Indian J Pediatr. 2004 Jan;71(1):89-96
Abdel-Haq NM, Asmar BI.
Division of Infectious Diseases, Children's Hospital of Michigan, Detroit Medical Center, Department of Pediatrics, School of Medicine, Wayne State University, Detroit, Michigan 48201, USA. email@example.com
Human herpes virus-6 was first reported in 1986 and is the sixth member of the herpes virus family.
HHV-6 consists of two closely related variants HHV-6A and HHV-6B.
The majority of infections occur in healthy infants with most infections caused by HHV-6B.

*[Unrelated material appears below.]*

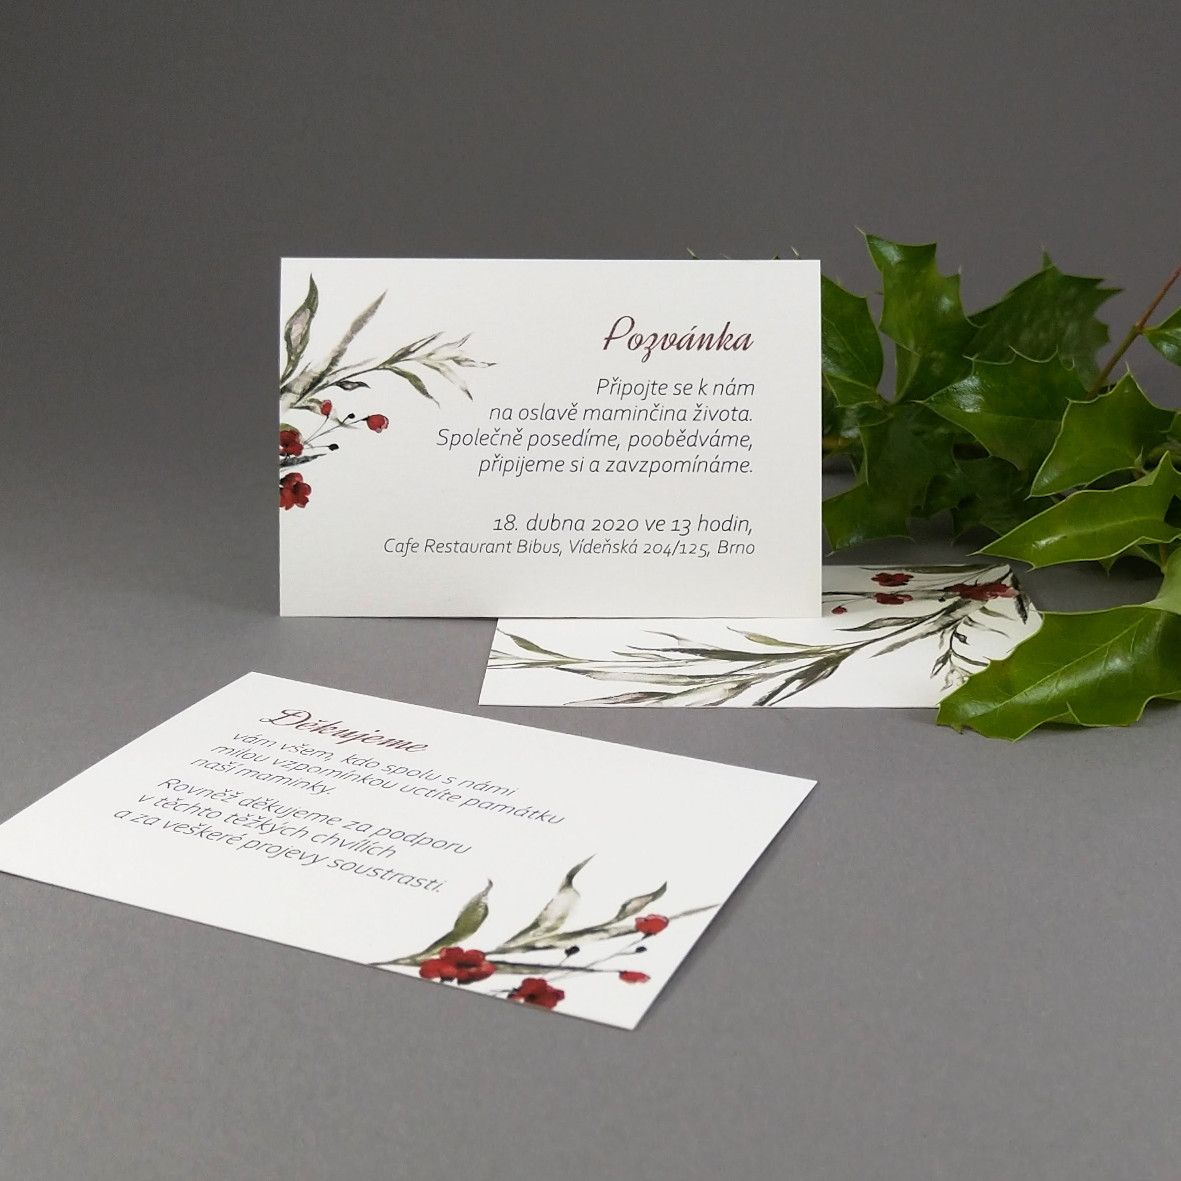 Pozvánka, informační karta – s motivem ratolesti a drobných červených květů, formát 100 × 70 mm, oboustranná

The virus preferentially infects CD4+T-lymphocytes and the surface marker CD46 acts as a co-receptor.
Infection is followed by persistence and latency in different cells and organs including monocytes/macrophages, salivary glands, the brain and the kidneys.
In this article we will discuss the clinical manifestations of HHV-6 infection in healthy children and the syndromes associated with HHV-6 reactivation in immunocompromised patients.
Evidence of association between HHV-6 infection and different clinical entities such as multiple sclerosis, malignancy, infectious momononucleosis, drug hypersensitivity syndromes and skin eruptions is discussed.
Published data on the use and efficacy of antiviral agents in complicated infections and infections in immunocompromised patients is presented.